Бывает просто так: попалось на глаза заурядное объявление о сдаче жилья, «оторопело шевельнулась память», и вот уже занятый и уставший в командировке человек мчится прочь от поезда, которого с таким нетерпением ожидал: «Я торопливо… боясь раздумать, зашагал на остановку троллейбуса, который подвезет меня к молочному рынку, откуда до Клавдюхиного дома — четверть часа ходьбы» (рассказ «Сдается комната»).
Можно подумать, у того, кто рассказывает о себе всю эту историю, связаны с «Клавдюхиным домом» какие-то элегические и прекрасные воспоминания. Ничего подобного! Когда-то в этом доме начинающий журналист обрел крышу над головой, временное и не особо теплое пристанище. Клавдюха, писавшая столь памятное объявление «сдаеца комната», оказалась особой малопривлекательной, если не сказать больше. И ее муж, Фрол Романыч, предельно больной человек, и внучка Женя, забитая и запуганная девочка, — все и вся в этом доме задавлено, лишено нормальной жизни властной хозяйкой. Дом отдан коврам и прочему добру, из-за него потерял здоровье симпатичный Фрол Романыч, из-за него брошена на унылое попеченье бабки «сиротски обделенная детскими радостями» Женечка — родители ее уехали добывать деньги на «Волгу»… Так что же все-таки так сильно потянуло журналиста к жилищу, столь поспешно брошенному им несколько лет назад?
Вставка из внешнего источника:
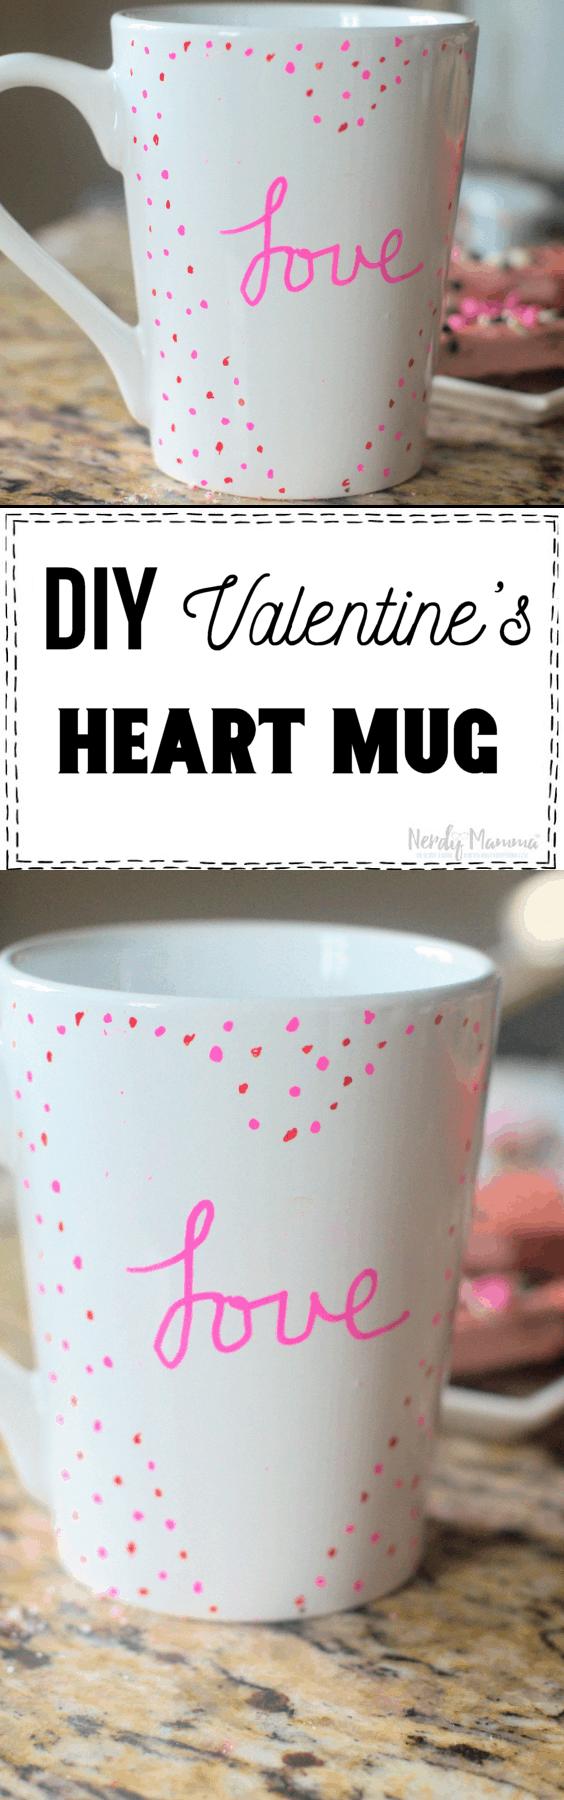 DIY Valentine's Heart Mug

Да, он справляется о Женечке, узнает от мрачно удивленной Клавдюхи, что Женечка уехала куда-то на стройку, узнает, что хозяин дома давно умер, и впору переходить к хилой морали о богатстве, не способном принести счастье. Однако «Клавдюха произнесла: «Теперича я одна!» — торжествующе, с победной растяжкой, словно бы желая хоть этим досадить мне». С моралью тут получается не очень складно — хозяйка памятного дома не особенно склонна к раскаянию, осознанию и т. д. Герой наш уходит с облегчением, уходит «к людям», даже не стремясь объяснить причины и смысл своего странного путешествия.
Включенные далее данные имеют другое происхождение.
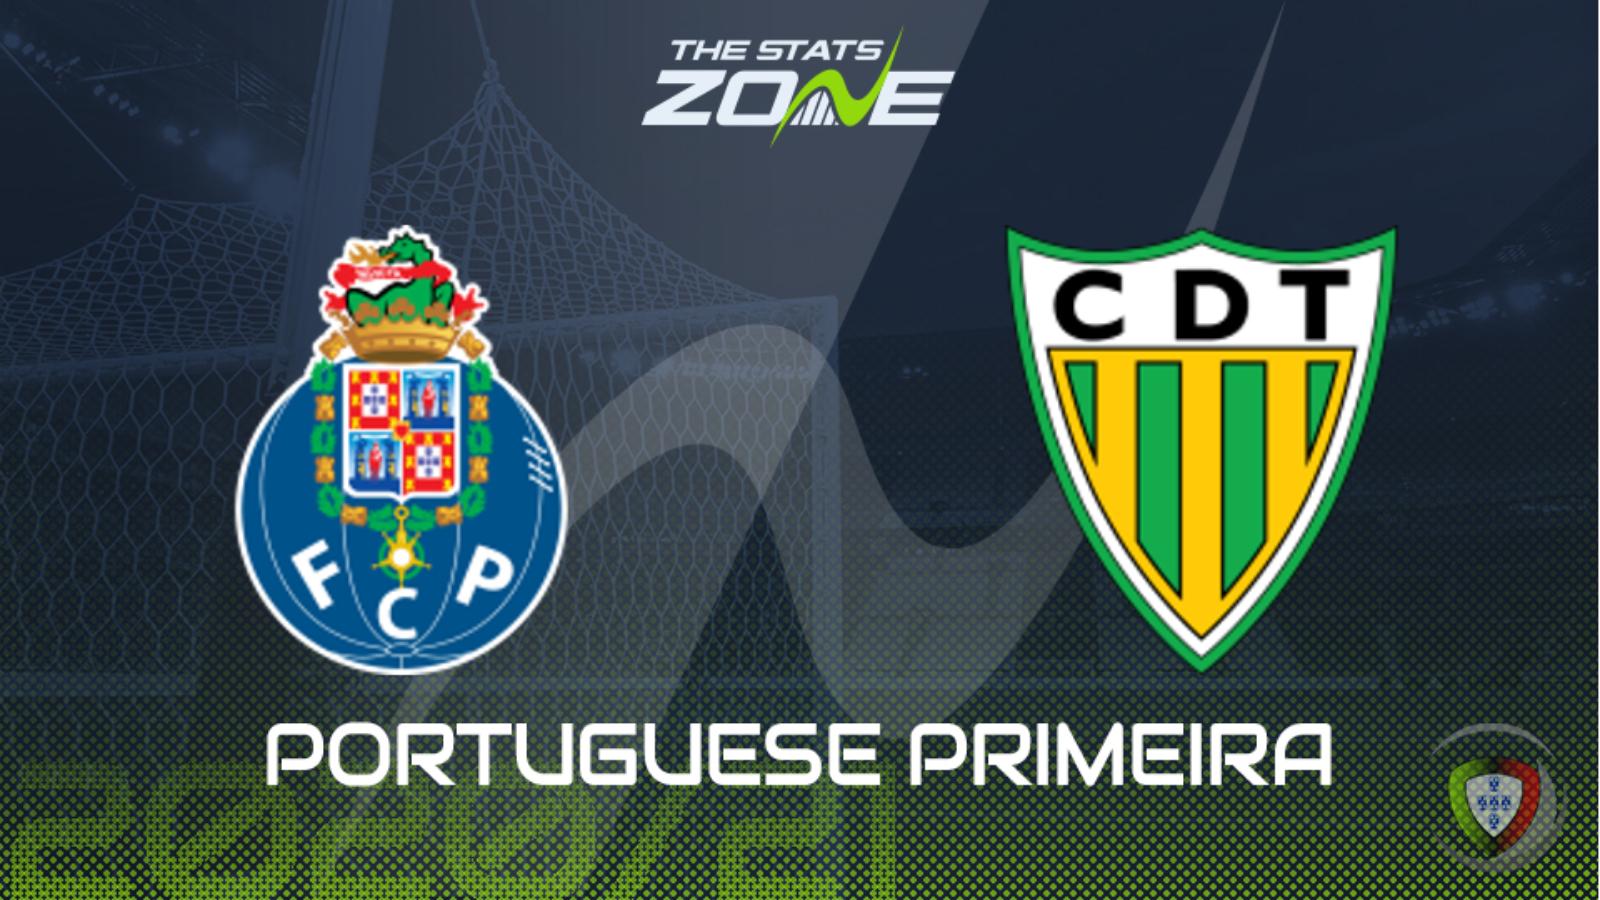 2020-21 Portuguese Primeira Liga - FC Porto vs Tondela Preview & Prediction - The Stats Zone

А он в этом просто не нуждается. Он, как и другие персонажи И. Кашафутдинова, склонен к импульсивному и скорому действию, мотивы которого, при всей их кажущейся незатейливости, не всегда можно объяснить до конца. Так — порыв, стихия, напор…
Логика размышлений и поступков этого действующего лица легко может обернуться логикой наизнанку, навыворот.
Попробуйте спокойно воспринять такую информацию о моряке и рыбаке Григории Мишулине, в данный момент — пассажире электрички: «В чемоданчике его, кроме сменного белья и копченой рыбы, лежали двенадцать тысяч рублей — все теперешнее состояние Григория. С этими деньгами он ехал в неизвестный текстильный поселок к бывшей жене Катюхе, чтобы выкупить сына».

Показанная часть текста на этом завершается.